Depleted uranium is defluorinated in the UK, USA and France (see Uranium Deconversion Plants). Rosatom has been engaged in depleted uranium processing since 2009 when a DUHF processing unit with a capacity of 10,000 tons per annum was put in operation at Rosatom’s Electrochemical Plant in Zelenogorsk (Krasnoyarsk Krai). Its capacity is sufficient to reprocess almost the entire amount of DUHF left over after the uranium enrichment. The deconversion unit was produced by French Orano (then Cogema). For 10 years in operation, it reprocessed over 100,000 tons of DUHF.
TVEL has initiated two more projects. Two defluorination units with an annual capacity of 10,000 tons of DUHF each are planned to be installed at the Ural Electrochemical Plant in Novouralsk (Sverdlovsk Region). Engineering surveys and a feasibility study for the project began in August 2020.

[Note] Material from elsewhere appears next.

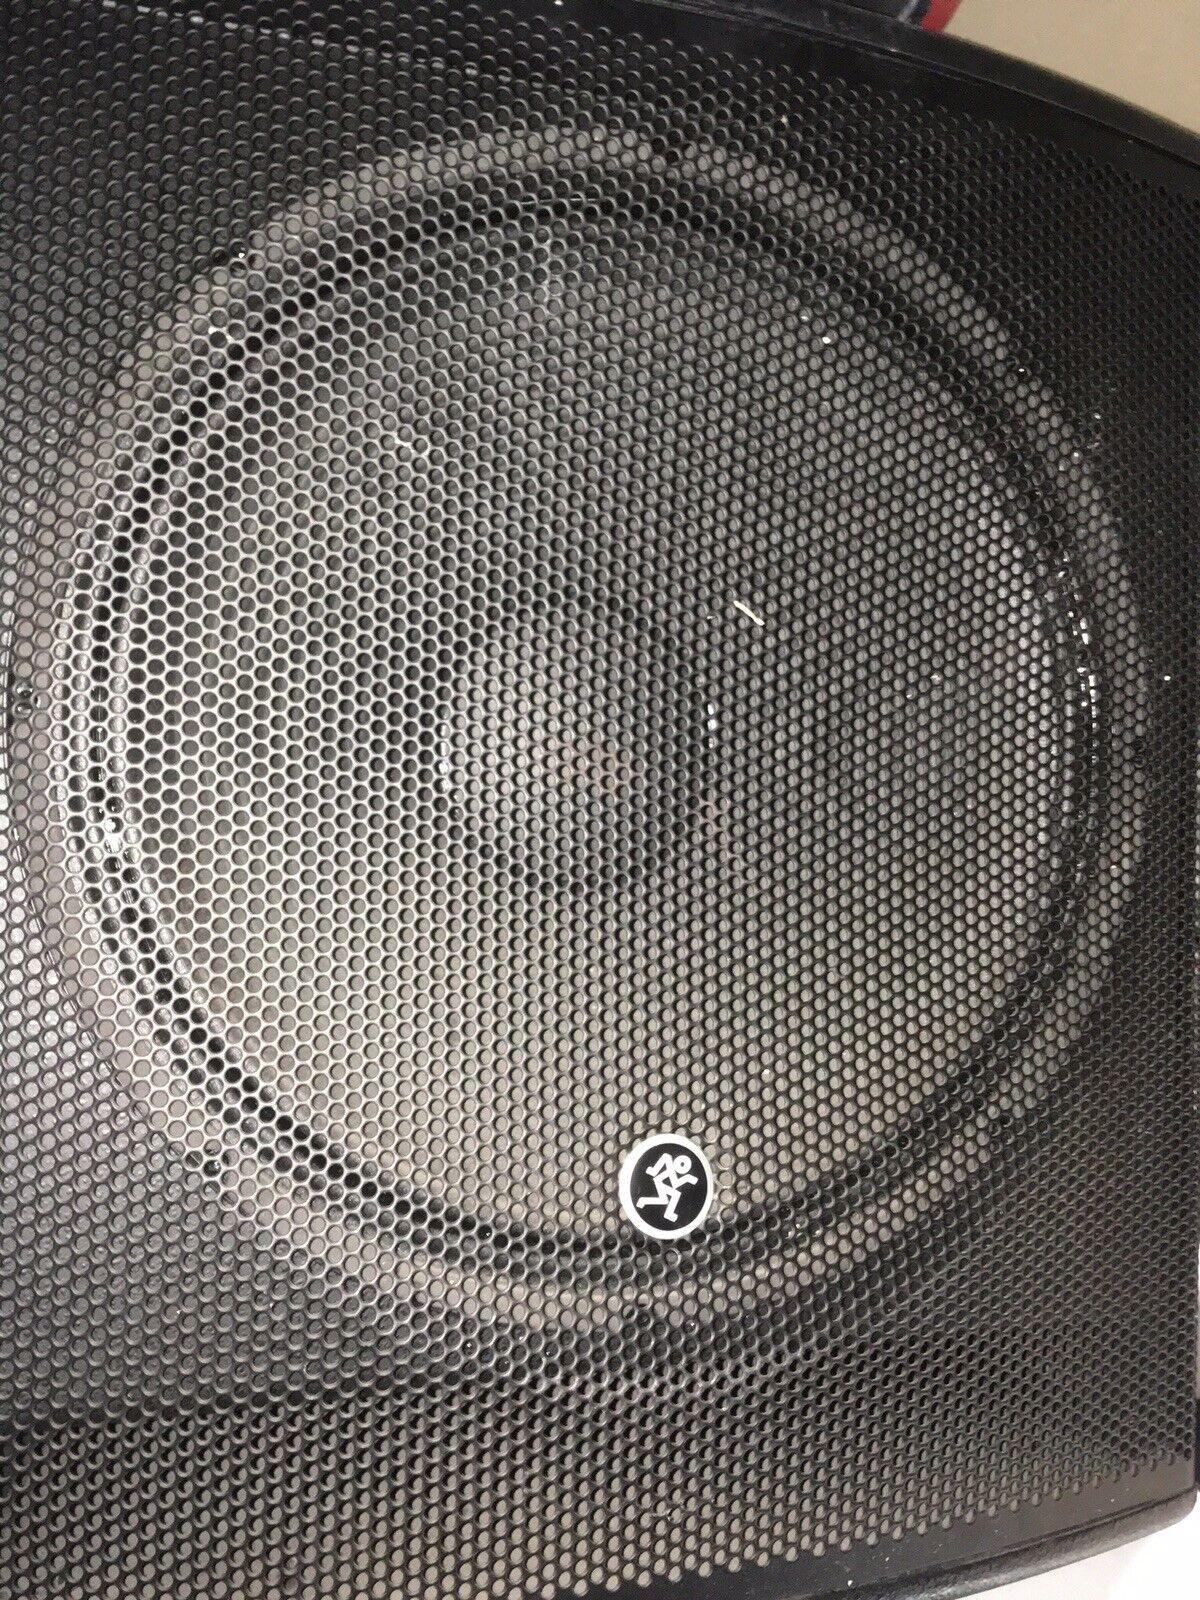 Thump SRM1801 18 Inch Powered Sound Reinforcement Subwoofer EUC

The Electrochemical Plant in Zelenogorsk is constructing a building and infrastructure for its second unit with a capacity of 10,000 tons per annum. It will also be supplied by Orano and is planned to be launched in 2023.
Rosatom Group companies have accumulated nearly 1.2 million tons of DUHF by now. The new deconversion units at the two plants will help dispose of the DUHF stock, presumably by 2057.
“When the closed nuclear fuel cycle becomes a reality, it will solve a number of very important tasks. “First, we will have a much larger resource base for the nuclear energy industry. Second, we will be able to recycle spent nuclear fuel instead of storing it. Third, we will dispose of accumulated DUHF stocks by using them in nuclear fuel fabrication. What is more, development of recycling technologies in the nuclear industry is fully in line with Responsible Production, one of the UN Sustainable Development Goals,” noted Alexander Ugryumov, Vice President for R&D and Quality at TVEL.
Rosatom fuel division TVEL is one of the world’s largest suppliers of nuclear fuel. TVEL is the monopoly supplier of nuclear fuel to all Russian NPPs, ship and research reactors of Russia. TVEL fuels nuclear power plants in 15 countries, or every sixth power reactor in the world.